Es gibt Situationen im Leben, da möchte man nicht in der Haut eines Anderen stecken. Ich erinnere mich noch an das Saisonfinale 2001. Ich saß auf der Tribüne und Barbarez trifft zum 1:0 gegen die Bayern. Schalke führt 5:3 und ist zu dem Zeitpunkt Meister. Das Ende der Geschichte kennen wir.
Anderer Wettbewerb, selbe Sportart. Ich sitze mit Freunden in der Kneipe und schaue mir das Champions League-Finale ’99. Diesmal führen die Bayern und verspielen alles in 2 Minuten.
Gestern dann das TV-Duell. Ich bin zwar voreingenommen, aber wenn selbst die Springer-Presse vom Gleichstand spricht, ahnt man, dass der Sieger Naumann hieß. Bis eben zu jener Szene, die sich in den Kopf einbrennt. Er hatte die besseren Argumente und von Beust blieb viele Antworten schuldig. Trotzdem wird nur über die letzten zwei Minuten berichtet.

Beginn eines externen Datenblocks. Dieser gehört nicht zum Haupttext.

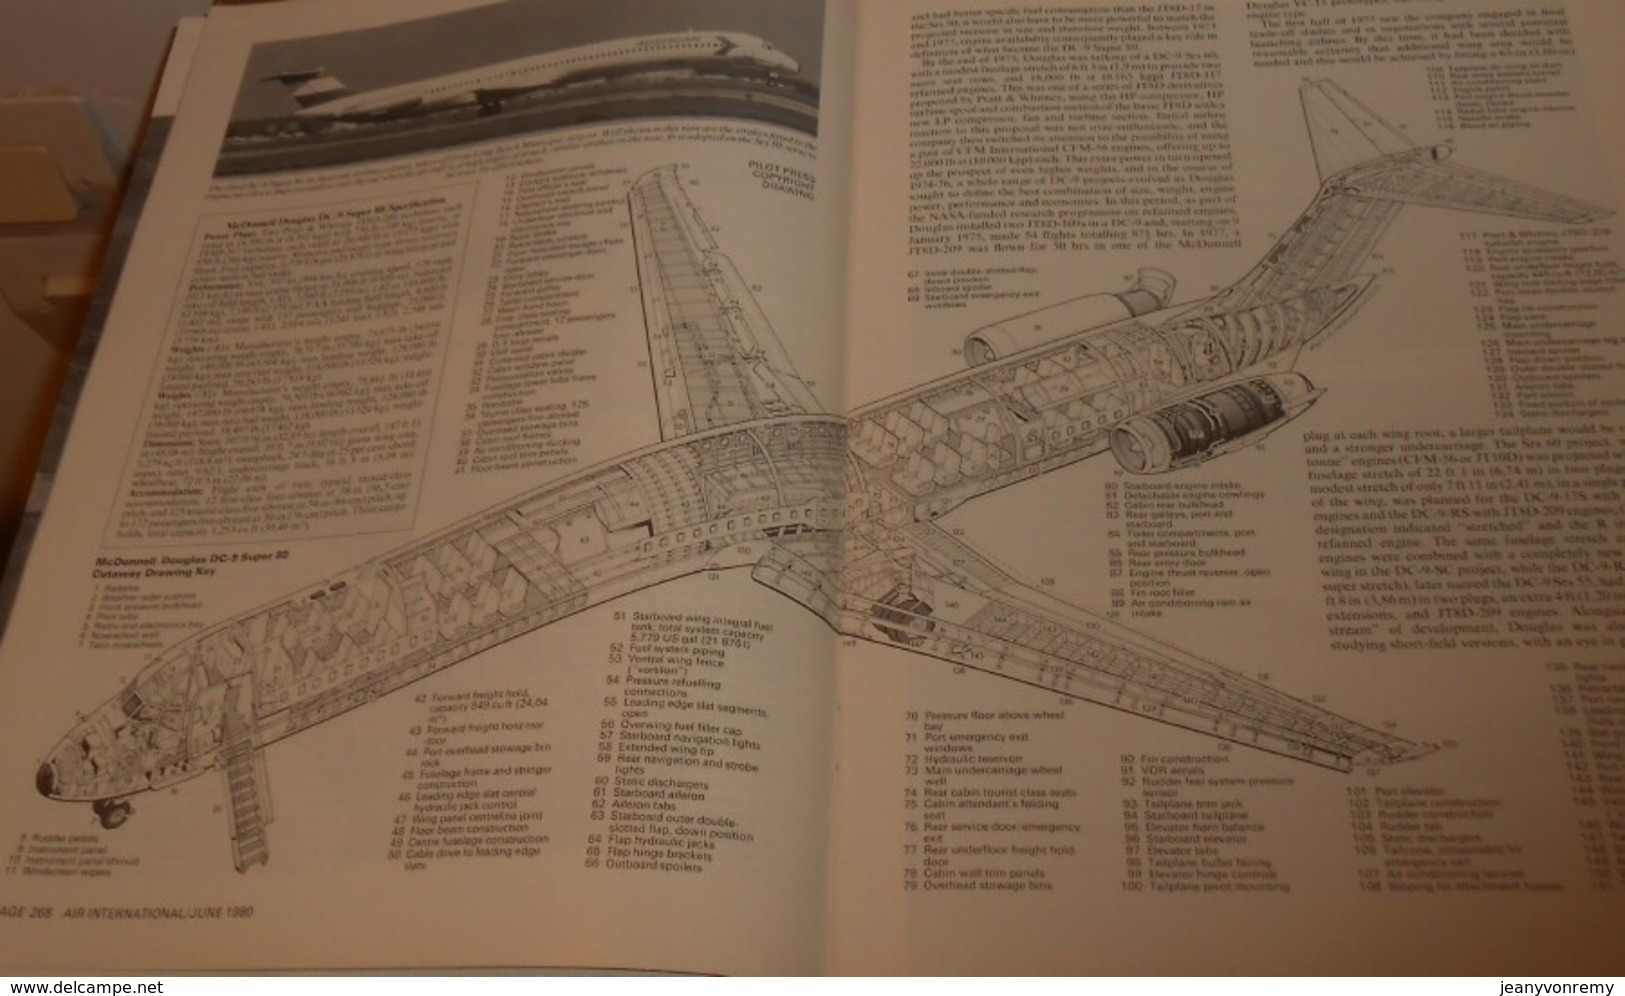 Air International. Volume 18. N°6. Juin 1980. - Trasporti

Aber das Gute an der Geschichte: Schalke wurde Meister der Herzen und zerrt noch heute vom Sympathiebonus. Selbst den Bayern flog viel Sympathie zu. Naumann hat gestern gezeigt, dass Politiker auch Menschen sind und keine geölten Maschinen.
Ich glaube, kaum einer kann sich die Situation vorstellen. Ein Jahr versucht man, den Gegner zu stellen und jedesmal kurz vorher kneift er. Jetzt kommt die Situation vor der sich der Gegner nicht entziehen kann und man versucht alles richtig zu machen. Dieser Druck muss unvorstellbar sein.
Für mich hat Naumann gestern an Statur gewonnen. Andere wären an dieser Szene zerbrochen. Er hat sich gefangen, er konnte sein Statement zu Ende bringen und hat am Ende das Studio mit aufrechtem Haupt verlassen. Ich wünsche ihm die Sympathien, die er verdient hat.